In light of the fact that in the past national-patriots mostly voted for Zyuganov, and the number of votes given in his favor did not suffer a significant drop, we may suggest that Zyuganov's nationalist electorate did not cross over to Putin in its entirety -- not by a long shot at all.
[1] "Tomorrow", No.47, 1999 (See it's site here and after)

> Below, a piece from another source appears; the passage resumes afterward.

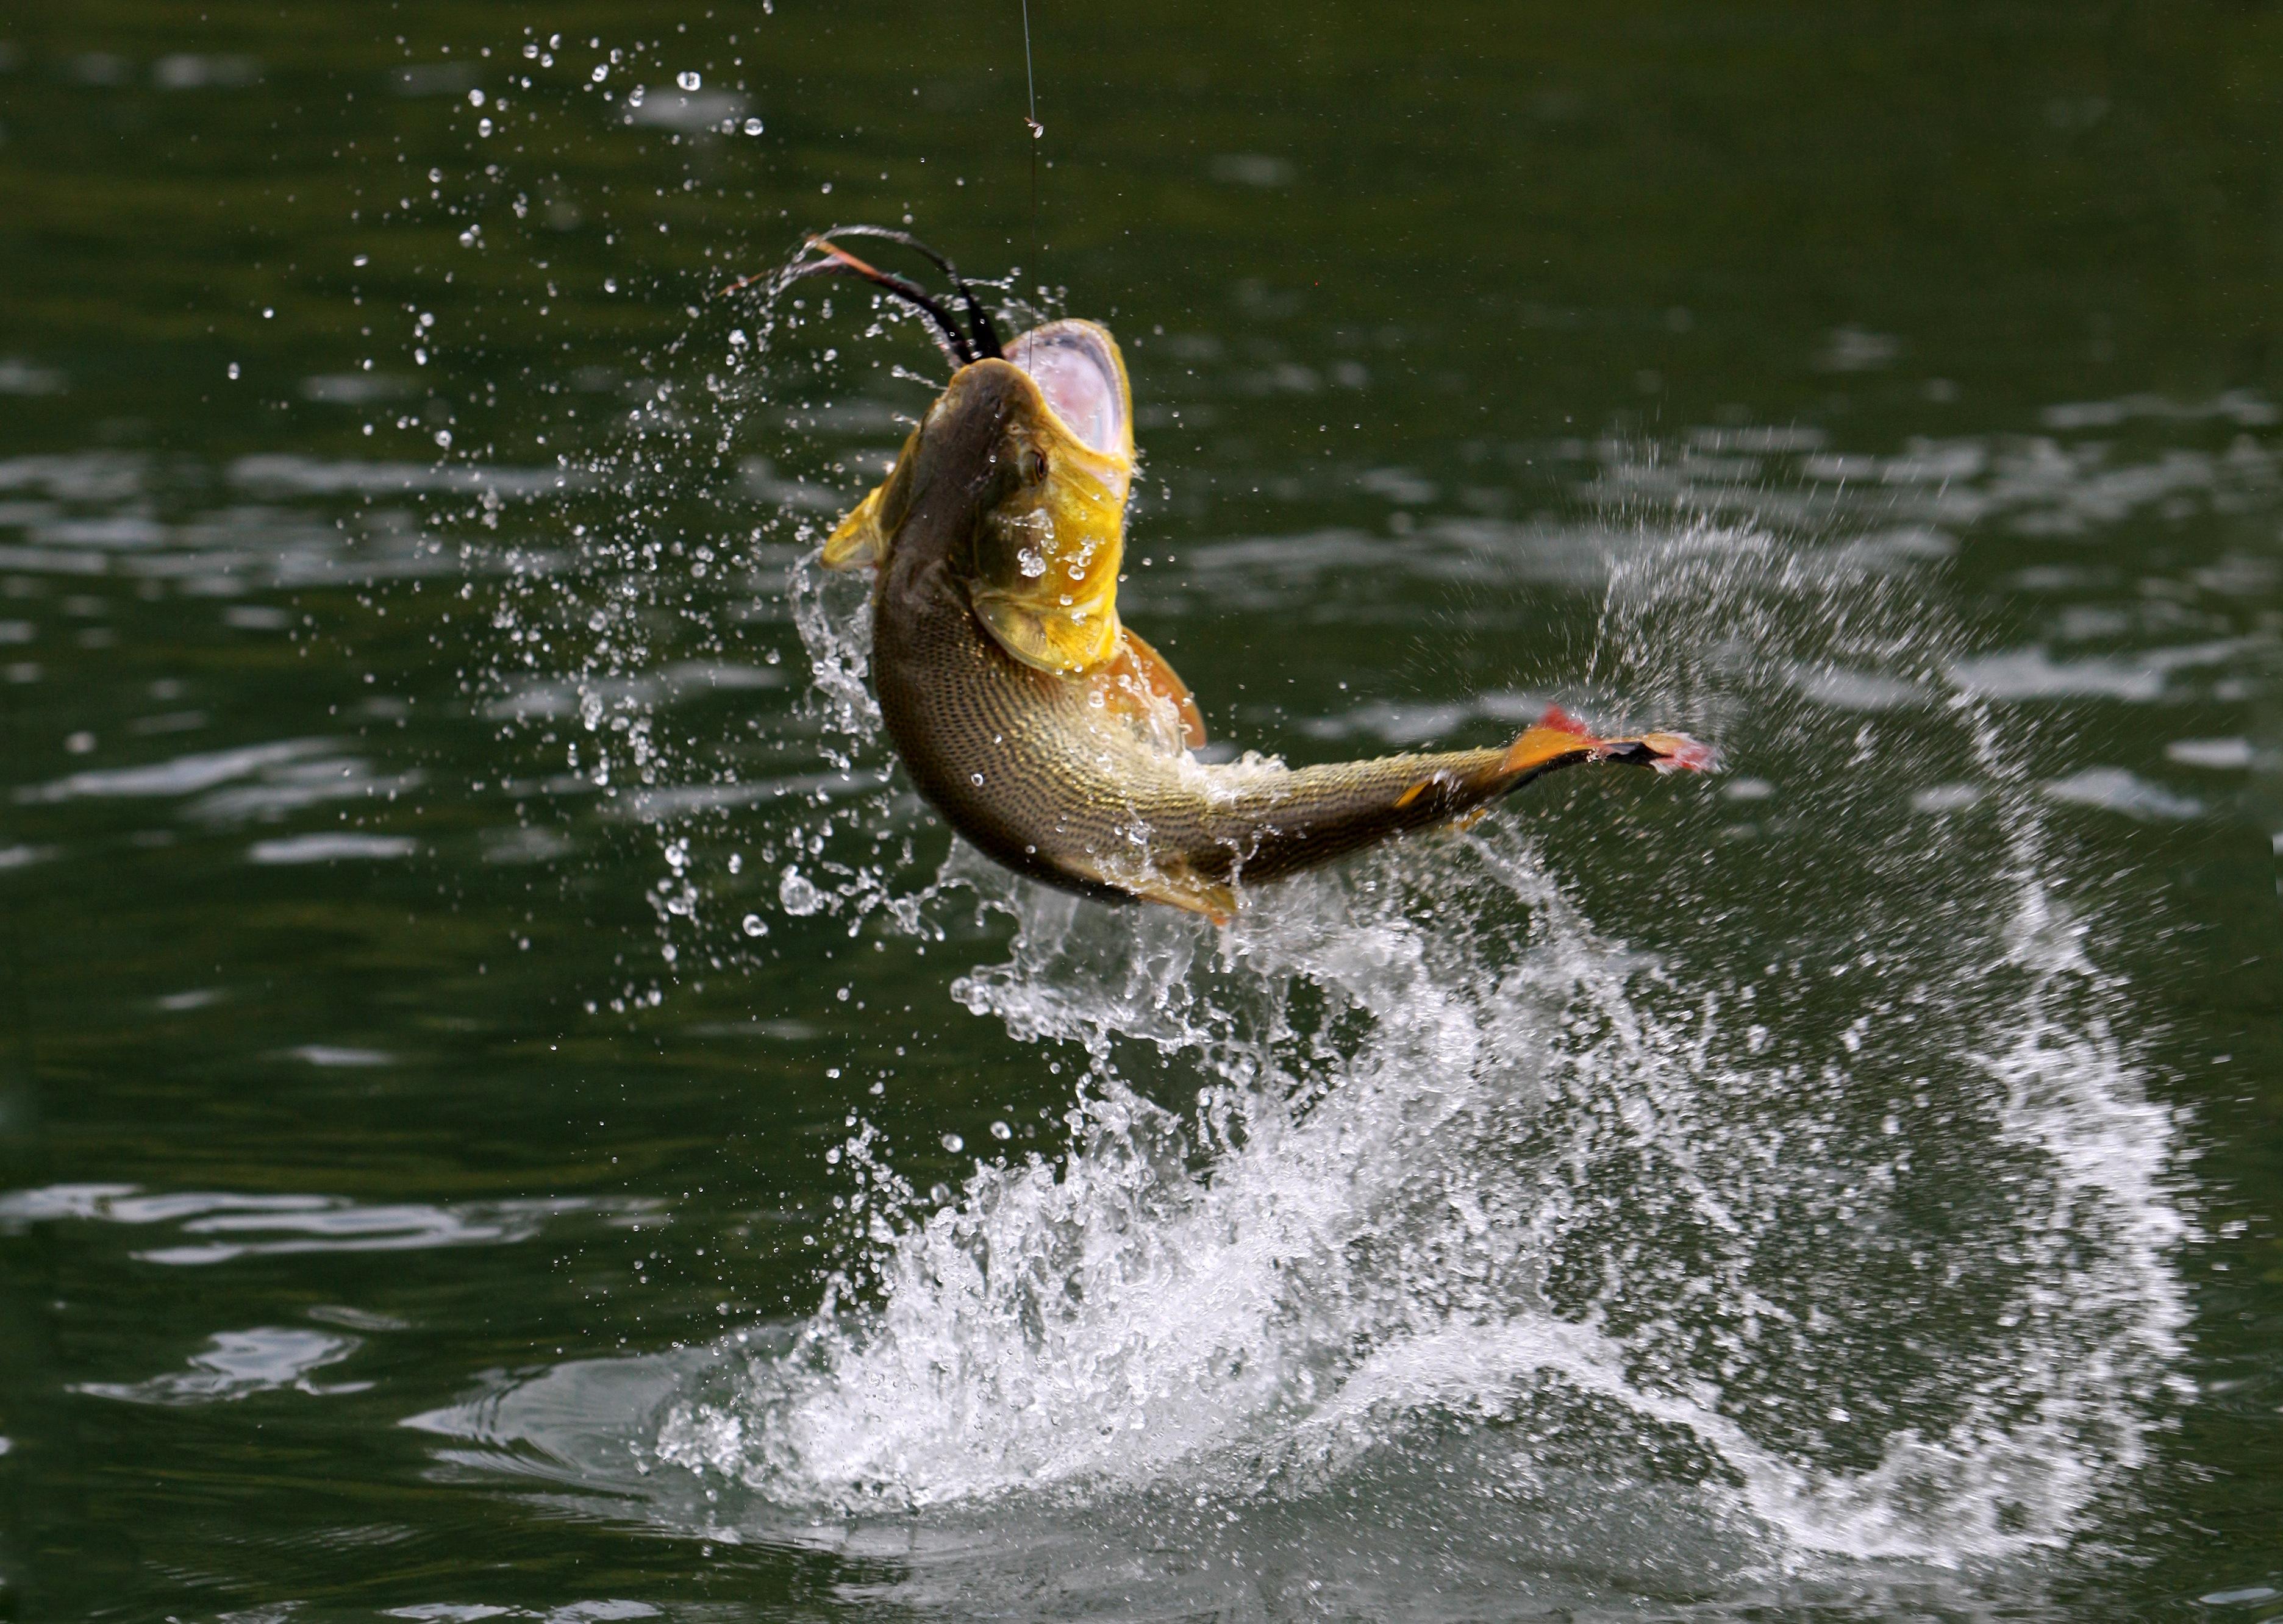 bass fish fishing drops g wallpaper background 3744x2664
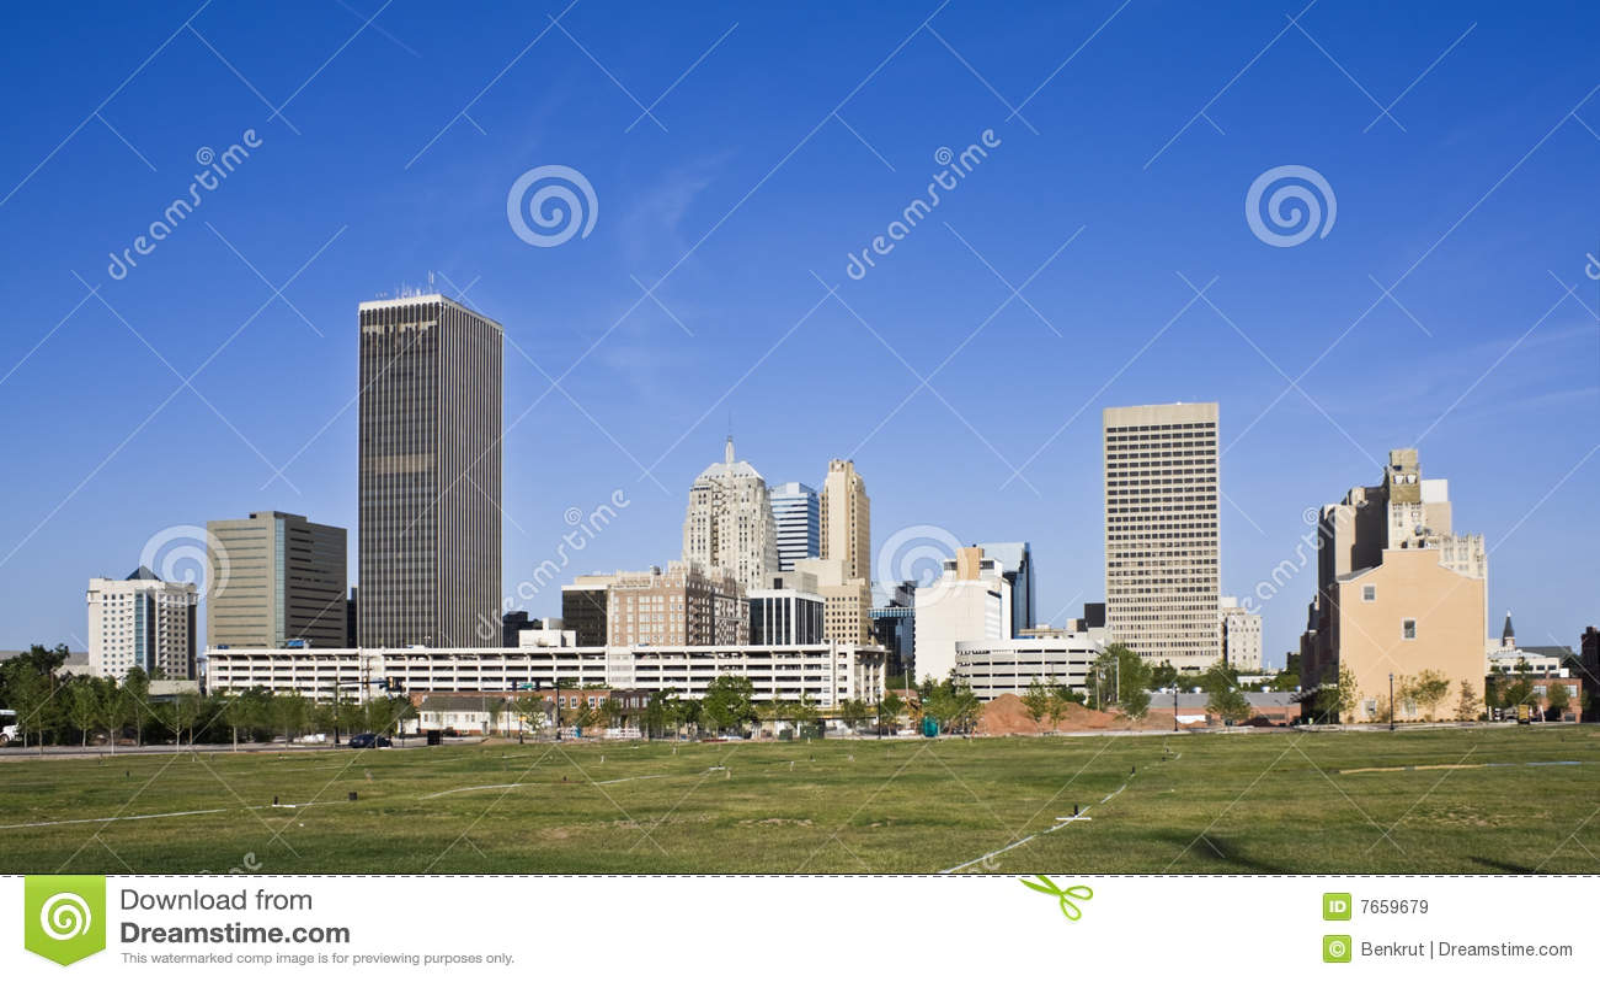 Free dating oklahoma city

[2] "Tomorrow", No.51, 1999
[3] "Tomorrow", No.52, 1999
[4] "Time", No.50, 15-21 December, 1999
[5] "Time", No.6, 16-22 February, 2000
[6] "Time", No.13(272), 5-15 April, 2000
[7] "Tomorrow", No.49, 1999
[8] "What do they demand from Putin?", article by V. Popov in "The Era of Russia", No.1(45), January 2000
[9] "For Fuhrer! Petersburg nationalists give their support to Putin", article by Mikhail Panchenko in "Version", No.11(85), 21-27 March, 2000
[10] "For Russian Cause", No.4(75), February 2000
[11] ibid
[12] "National Gazette. Monthly Russian Review", No.2(30), 2000
[13] "Is it the right party? Is it the right leader?" article by A. Sevastyanov in the National Gazette. Monthly Russian Review", No.2(30), 2000
[14] "The new road", article by A. Sevastyanov in the National Gazette. Monthly Russian Review", No.2(30), 2000
[15] "Electorate! It'll be your own fault!", article by E.L. (Eduard Limonov) in "Limonka", No.139, March 2000
[16] The last statement testifies to the fact that Limonov does not know the appropriate legislation -- the Law on Elections does NOT stipulate that if electors boycott the election, the candidates are not allowed to participate in the subsequent repeated Election.
Furthermore, the official attendance at the Presidential Election was 75.181.071 persons (68.74% of the total number of electors), while only 1.414.648 persons (1.88%) voted "against all", another 701.033 persons (0.93%) intentionally or unintentionally spoilt their bulletins, and approximately 10.000 persons either took their bulletins home or lost them on the way to ballot box. In other words, -- the requisite 50% attendance would have been guaranteed even if those three categories of electors had boycotted the Election together with the anarchists and Limonov.
[17] Counting the "against all" position, which came 6-th. If we do not take the "against all" position into consideration, then Podberezkin's place is 10-th.
[18] Counting the "against all" position, which came 6-th. If we do not take the "against all" position into consideration, then Govorukhin's place is 8-th.